-- DATASET RECORDS follows --

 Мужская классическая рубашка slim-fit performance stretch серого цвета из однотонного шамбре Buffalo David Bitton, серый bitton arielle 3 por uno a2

-- DATASET RECORDS concluded --
-- DATASET RECORDS follows --

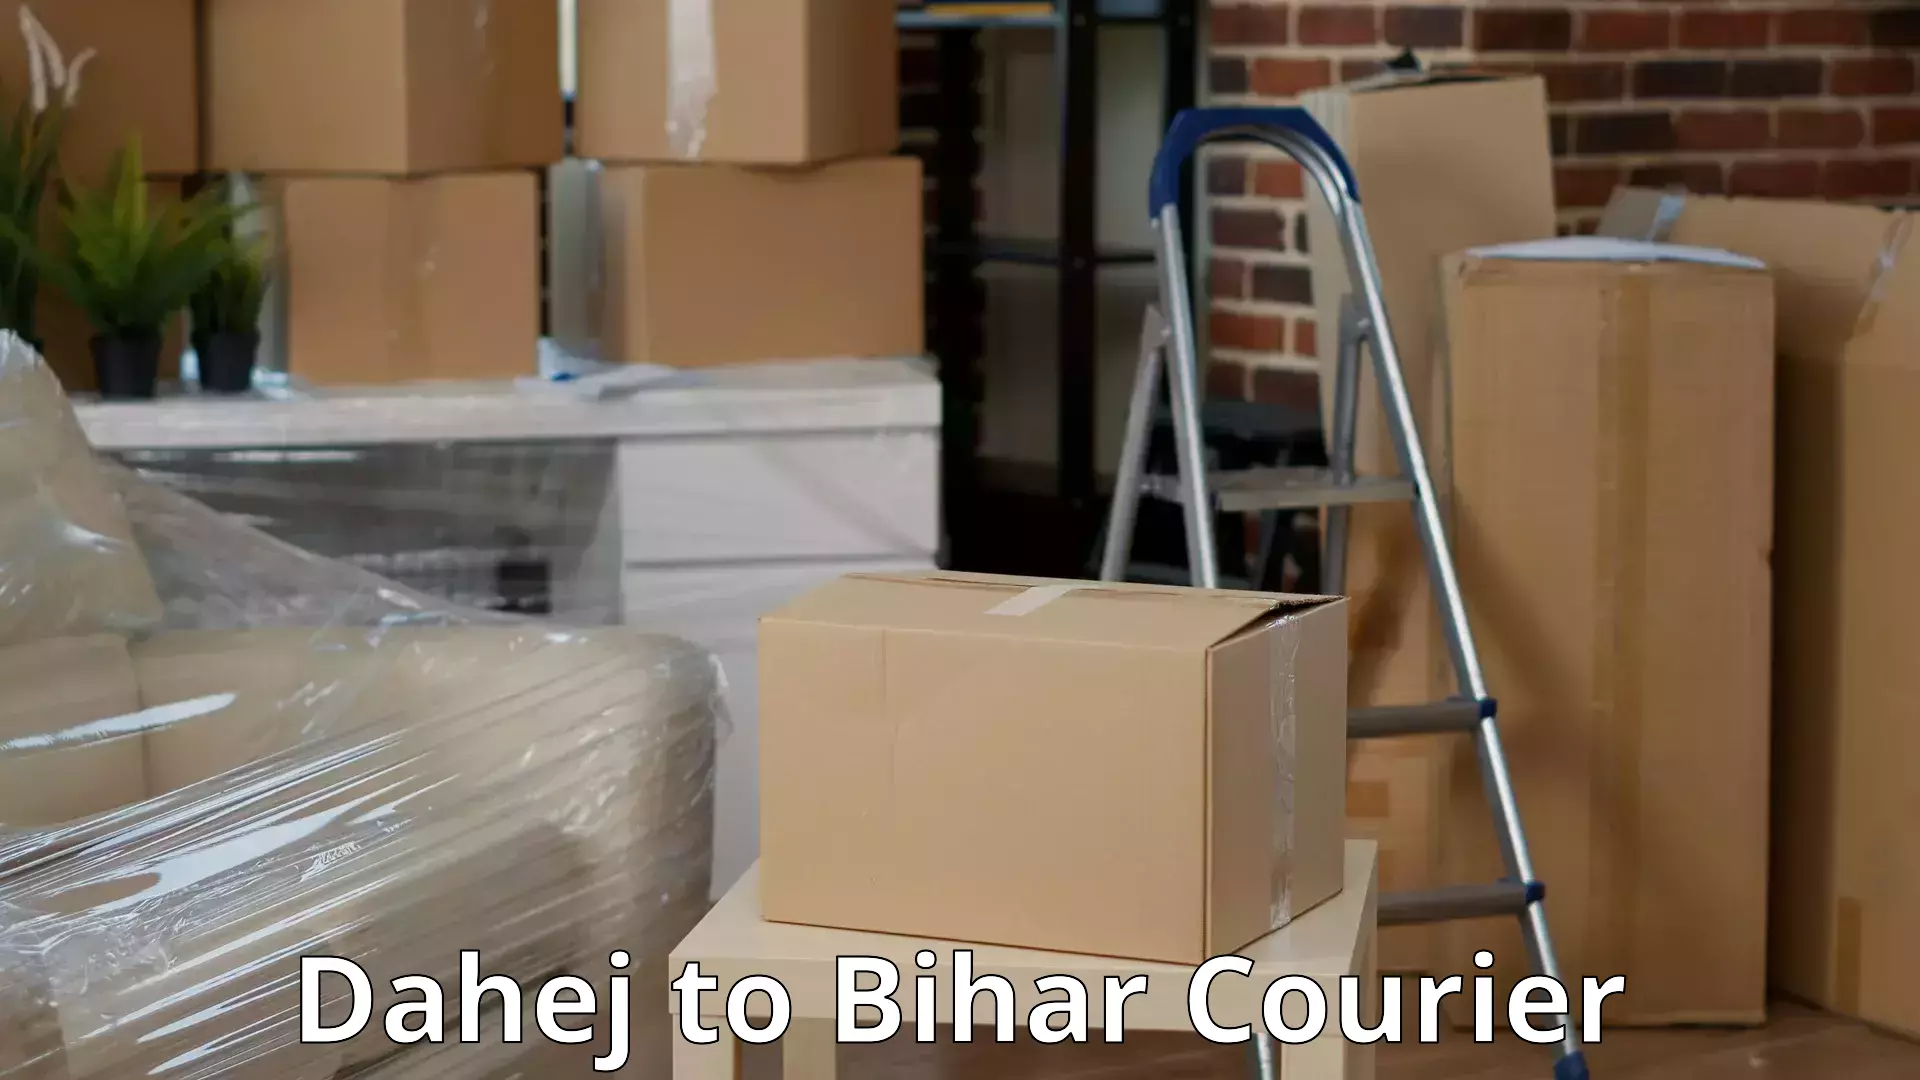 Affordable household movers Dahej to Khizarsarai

-- DATASET RECORDS concluded --
-- DATASET RECORDS follows --

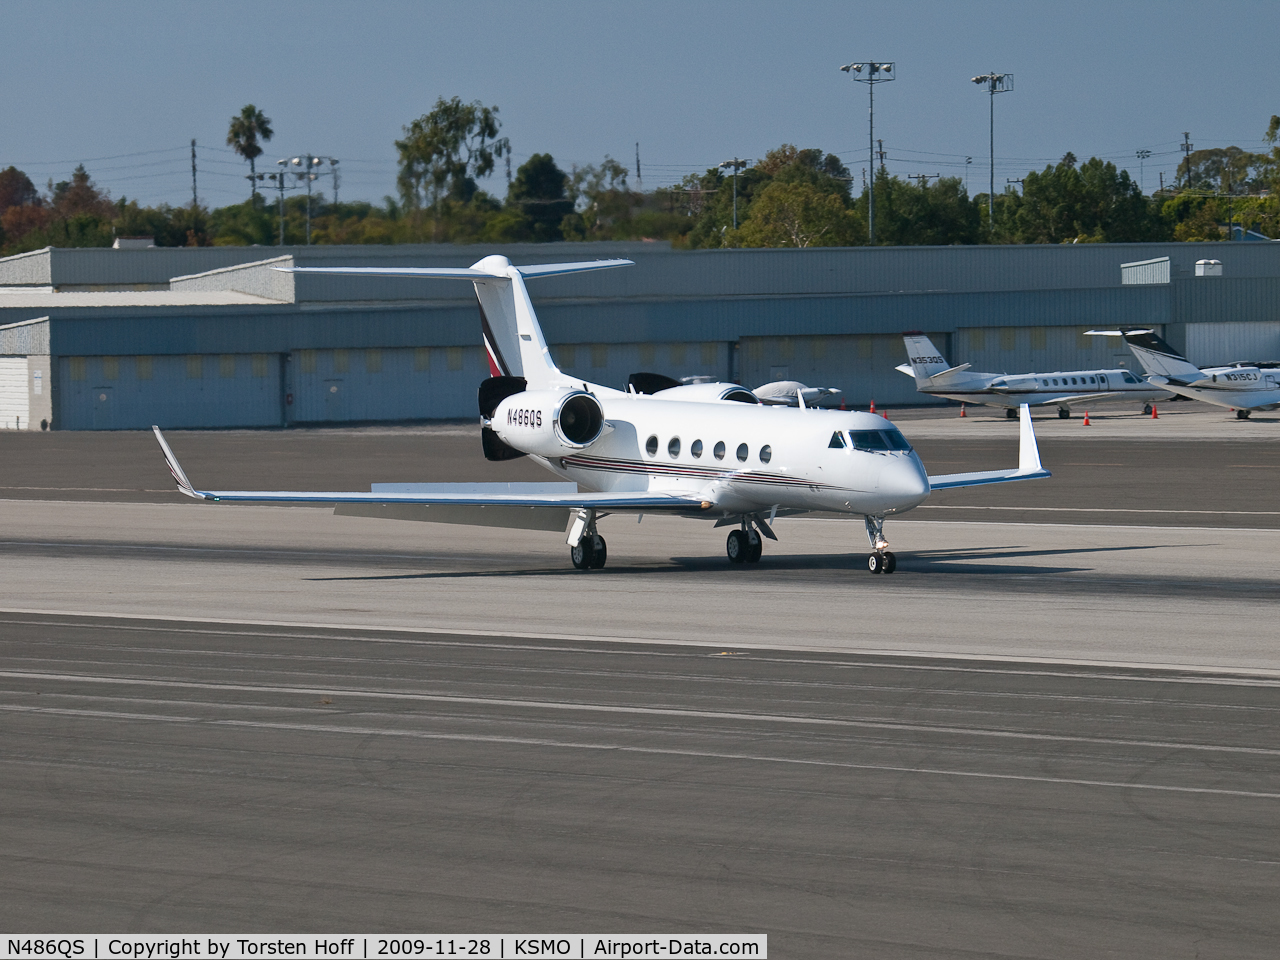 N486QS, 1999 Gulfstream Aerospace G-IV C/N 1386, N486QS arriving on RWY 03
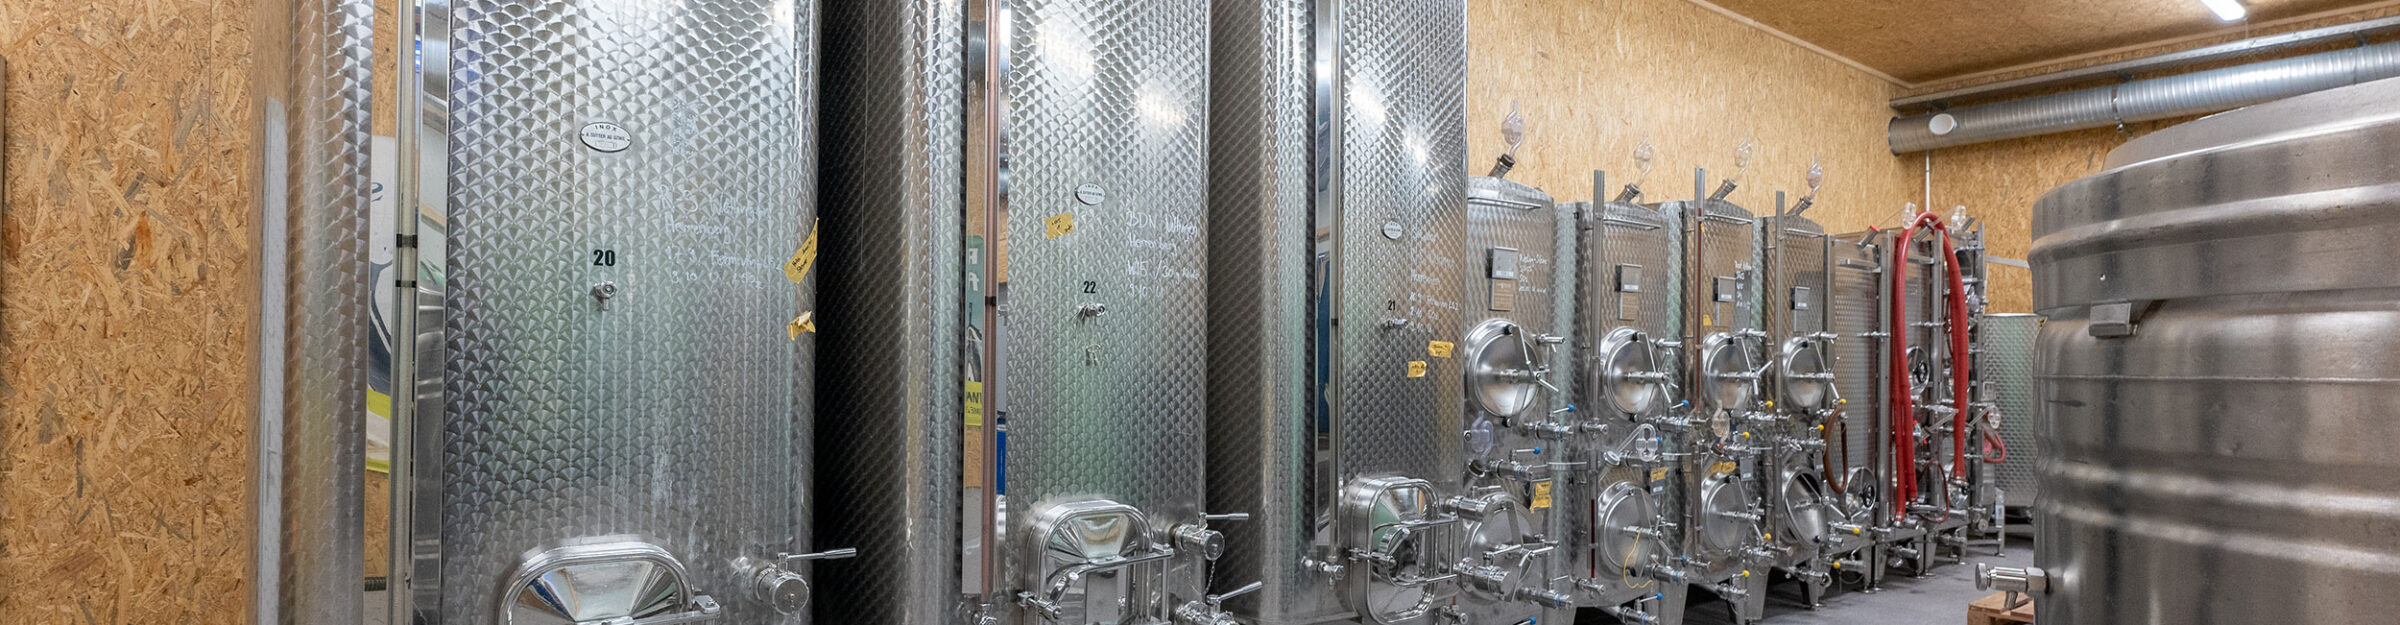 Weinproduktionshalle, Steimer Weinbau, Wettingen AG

-- DATASET RECORDS concluded --

_EXERCISE DESCRIPTION_
Print the line above containing "N486QS, 1999 Gulfstream", the line containing "Weinproduktionshalle, Steimer Weinbau, Wettingen", and everything between them, exactly as written. Pictures stay out.

_ANSWER SPACE_
 N486QS, 1999 Gulfstream Aerospace G-IV C/N 1386, N486QS arriving on RWY 03
 Weinproduktionshalle, Steimer Weinbau, Wettingen AG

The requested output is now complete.